The Campbell station's nearly done, with only a few details left to touch-up. My next step (though it may take a while to get there) is to landscape the area where the station will sit. I'll need to add the ground, weeds, tracks for the interurban, posts to keep cars from parking too close to the building, garbage and debris (people were slobs in the 1930's, too?), and whatever makes the scene realistic.

Still, the station's detailed enough for me to declare it complete, and move on. That's the good and bad side of the hobby; it's easy to say "it's good enough" and find another project, and then five years later maybe pick up the model again to touch up paint, or add some additional details on the exterior (like rain gutters on the back side?). If the model's never really done, can I say I'm making progress?

Just as a reminder of progress, I realized this was the third station I've built to match a Southern Pacific prototype.

I built the first (now Wrights station) back in grad school when my hobby budget was exactly $30/month, and that was being spendthrift. I remember being so careful in the hobby shop to pick just the materials I'd need for that month's projects. I scratchbuilt the station from styrene, basing it on a pencil sketch of the Agnews depot in the "Valley of Santa Clara" list of historical structures around San Jose. I messed up on scale and length there, but luckily all the South Pacific Coast details in that model matched what was available at Wrights. I modeled wainscoting and plaster walls on the inside, and added the decorative roof support details on the exterior, but I never found windows to fit the scratchbuilt openings I framed, so the window openings are still empty. I might have borrowed a Santa Clara Valley prototype, but its first location was on a shelf layout in imaginary central California. I'm glad it's found an appropriate home.

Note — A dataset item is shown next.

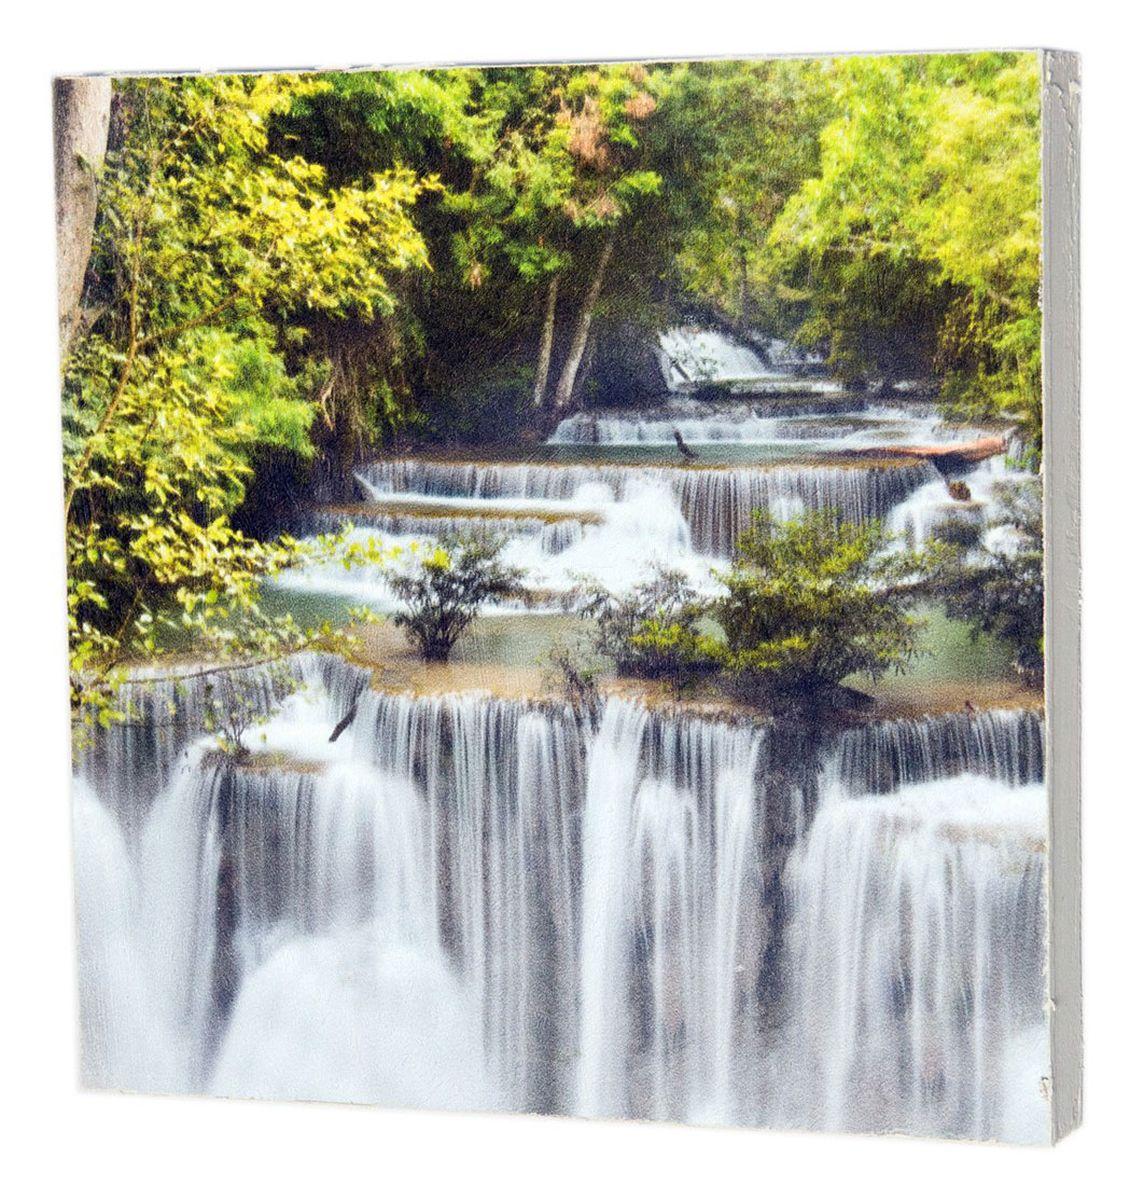 Картина Могущественный водопад, 22 х 22 см0264-22-22

(On the subject of Wrights, check out these great photos of the tunnel at Wrights as seen in February 2009!)

The second SP station was the huge San Jose Market Street station that was the main station until 1935. I built this model for a
shelf layout
I keep in the house.
This was another scratchbuilt model, again out of styrene, and I remember just being amazed at how large the model was compared to anything I've done in the past. It's 24 inches long, and has a ton of doors and windows. I also learned about painting fixtures here; I created a little mask out of strip styrene to spray paint the white sashes on the window castings. This model's mostly complete, but it got to the point of looking decent a few years ago, and has never quite been finished. For a while, the interior was the blocking issue, but I added minimal detail a while back. The shelter at the entrance still needs to be attached. Most importantly, the huge barn that covered all the tracks of the station still needs to be built. I'll get to it one of these days... if building that seems fun.

And the last station is the Campbell station I've already written about. Here's the latest picture with rain gutters and signs installed. It's been a change from the previous model. I kitbashed this model from a laser kit, constructed from wood and paper rather than plastic.
It has more details like the wood screen in the front gable and wooden corbels holding up the roof. I also was able to duplicate the fanciful bracing on the baggage door.

These three models cover fifteen years of modeling, and fifteen years of consciously or unconsciously sticking to a theme of stations in the Santa Clara Valley. All three, also, represent building from photos. Although the Wrights station was only based on one sketch, I've added other details based on photos of the Wrights depot from books. The SP Market Street Station was my first serious effort to do some research on the station from Sanborn maps, then use old photos and postcards to figure out the arrangement of the structure. The Campbell station is probably the first where I've explicitly marked up photos to figure out what exact details to add.

More importantly, none of the stations is quite done, but they're all complete enough for me to be able to say "yes, I've made progress". (Looking at all three together also reminds me I never painted the Wrights station roof green; the original roofs were all stained shake shingles.) All three stations are also reminders of what I've done in the hobby in the past, and of the time in my life when I was building each one.